Spickard ought to be credited for authoring the first serious historical hook on the subject and for taking this extremely important topic out of the sole domain of sociologists, who are eager to build models and are therefore oblivious to subtleties of time and place. Indeed, the sociological generalizations about who has intermarried and why provides Spickard with the departure point for this analysis. He ultimately tests the extant models and asks which ones work under which circumstances. No historian before has tackled this issue, and, where they have attempted to address it, they have subsumed it under the rubric of a study of one group without any benefit of comparative analysis.

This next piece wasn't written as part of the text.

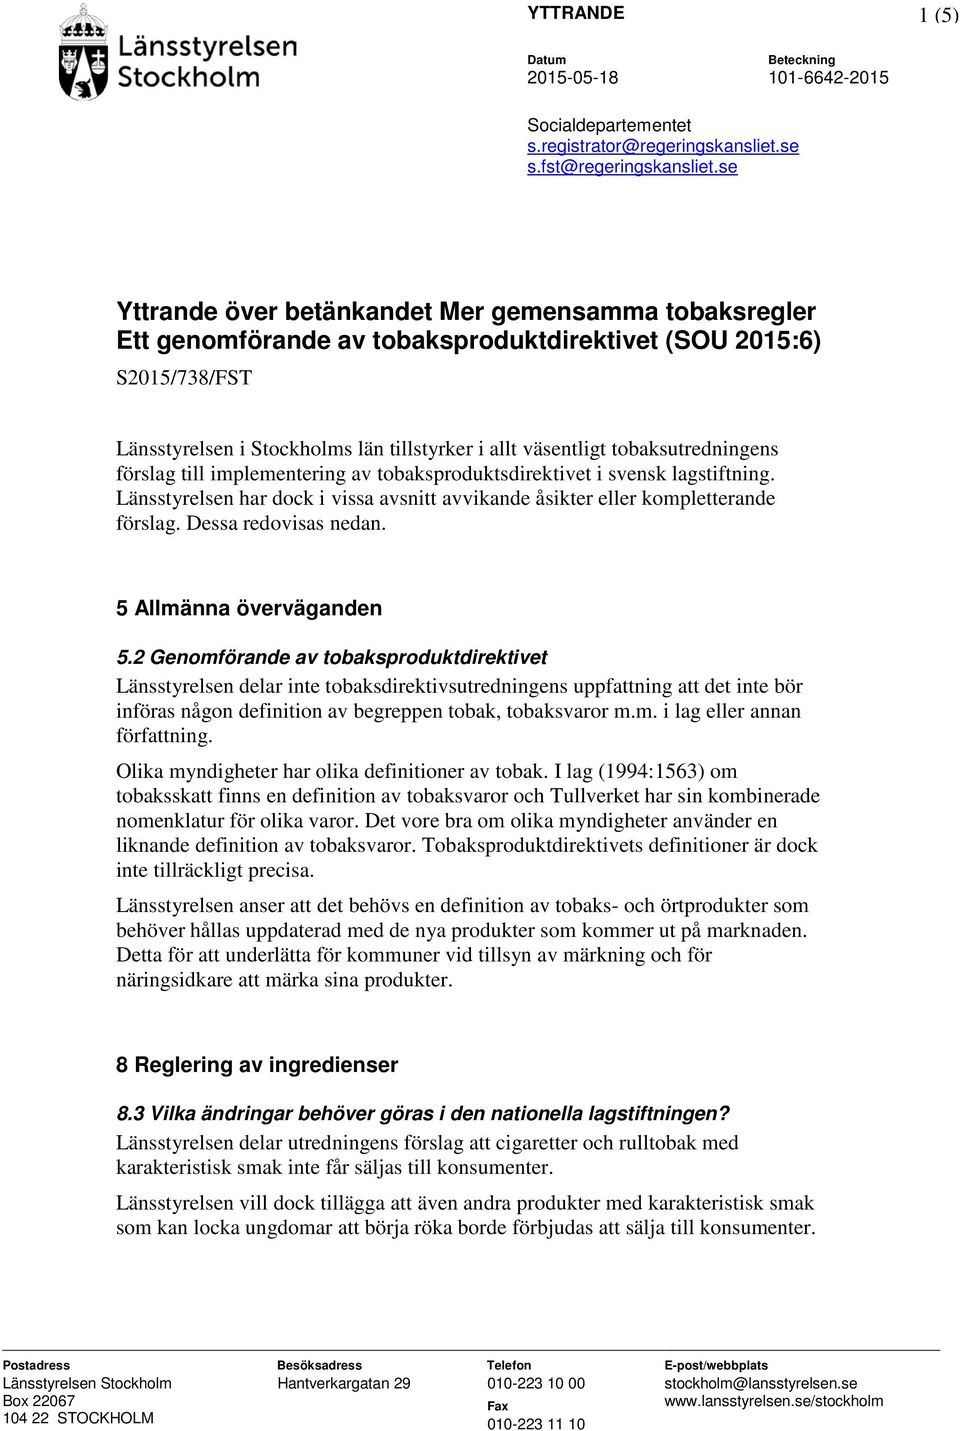 tobaksutredningens förslag till implementering av tobaksproduktsdirektivet i svensk lagstiftning. Länsstyrelsen har dock i vissa avsnitt avvikande åsikter eller kompletterande förslag.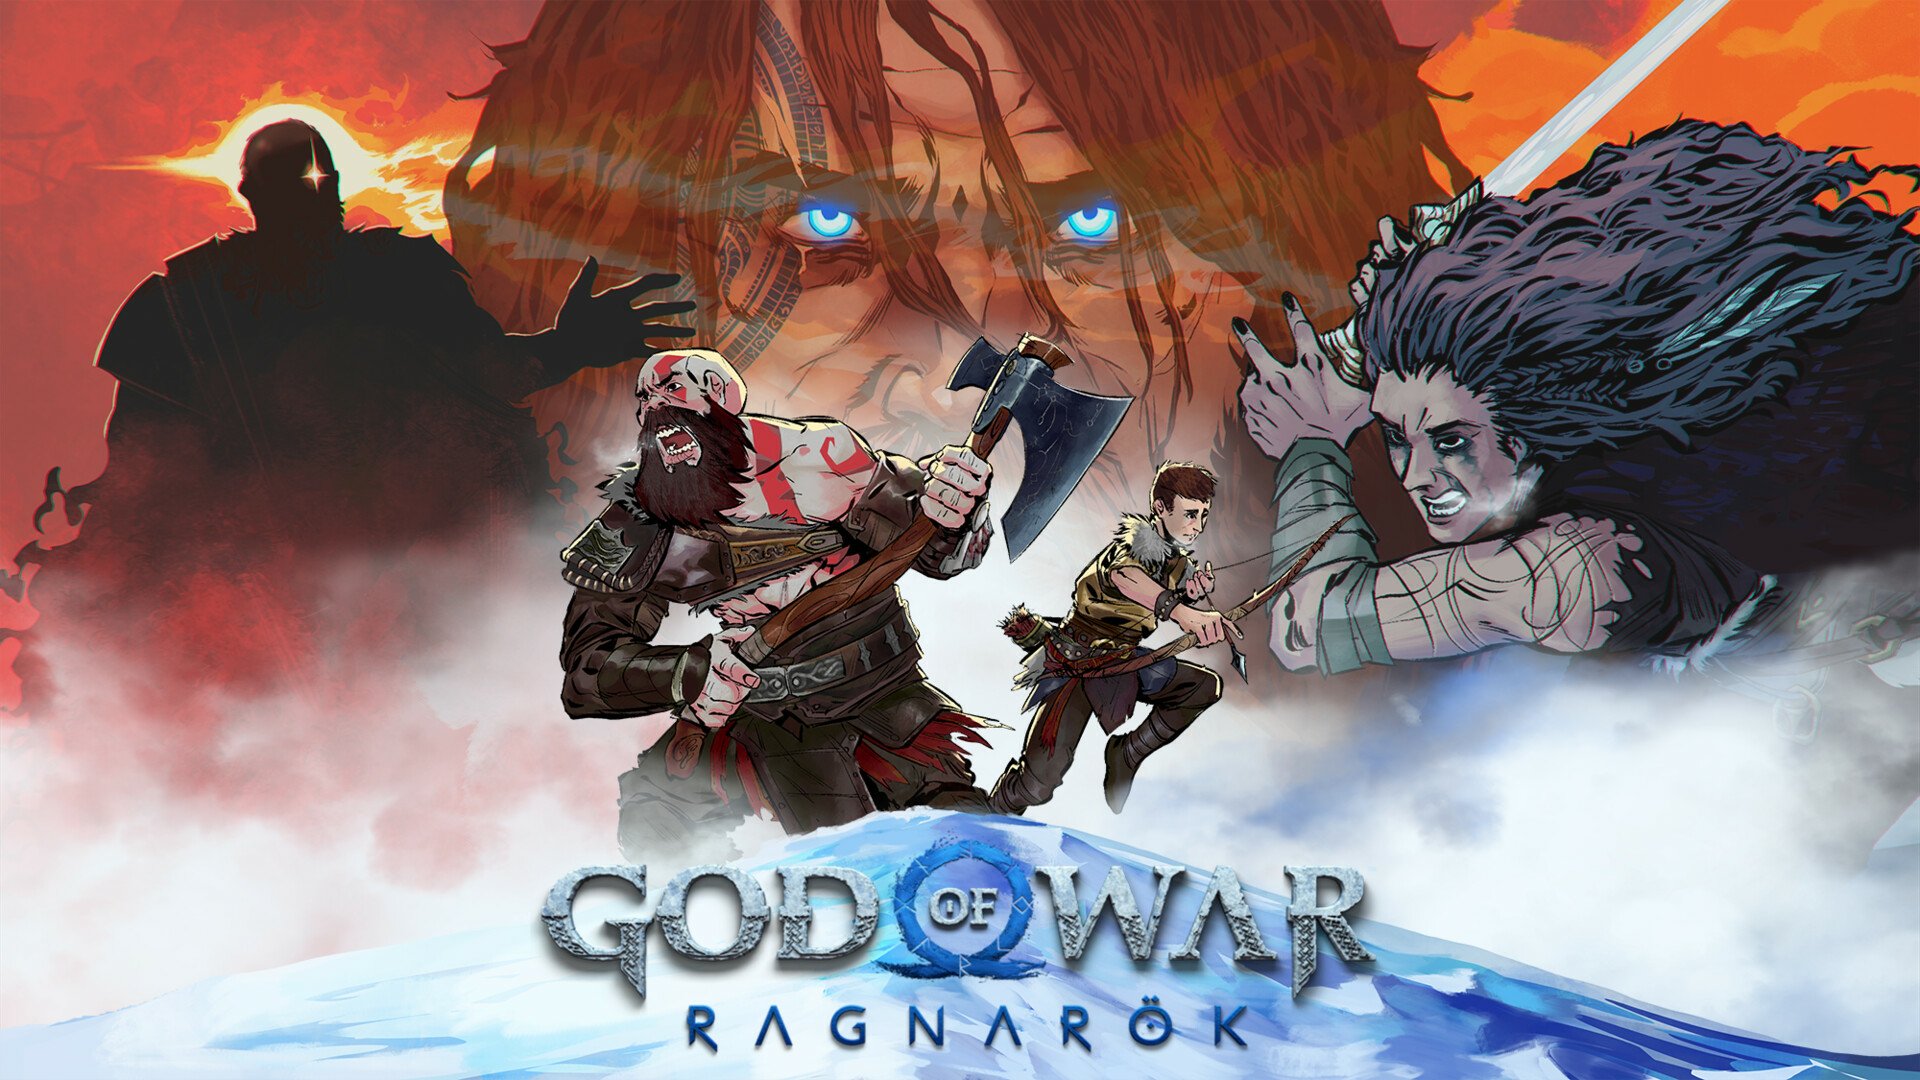 God of War: Ragnarök HD Wallpaper by Wallace Quaint

The fact, for example, that intermarriage rates and patterns for Americans of Japanese ancestry and Jews resemble one another discounts, according to Spickard, the importance attributable to color and physical appearance as a barrier to romance across group lines. On the other hand, among African Americans and Jews the dominant pattern of minority-group men marrying majority-group women—rather than conversely—indicates that out-group marriage patterns can, under certain circumstances, be linked to social and economic mobility.

This study also takes the issue of intermarriage out of the hands of group activists, leaders, and apologists who are concerned about the implications of intermarriage rates for group solidarity. By offering a dispassionate and comparative study of the topic, analyzed historically and oriented toward looking for change over time, Spickard adds a note of clearheaded rationality to an otherwise intensely emotional subject. He convincingly proves that marriage outside the group does not always mean a loss to the group or a severing of the bonds between the out-marner and the community of his or her birth. Intermarriage, according to Spickard, has different meanings under varying circumstances. Spickard in no place denigrates the passionate feelings of group members worried about intermarriage or its implications for ethnic cohesion; he offers instead an alternative, cooler way of looking at the issues.

In several other ways, this book ought to be commended and recommended. For one, he treats the issue in its complexity rather than simplicity. To really study intermarriage, the scholar must recognize that members of two groups are involved, and the behavior and attitudes of both are crucial to a thorough analysis. Second, marriage involves both genders, and a study that does not take cognizance of differences in attitude, expectations, and social positions of men and women would not adequately cover the problem. But Spickard addresses these issues and provides historians of ethnicity, gender, and race with a thoroughly researched, sophisticated analysis that should displace the usual sociologically based, model-oriented generalizations that have dominated the field.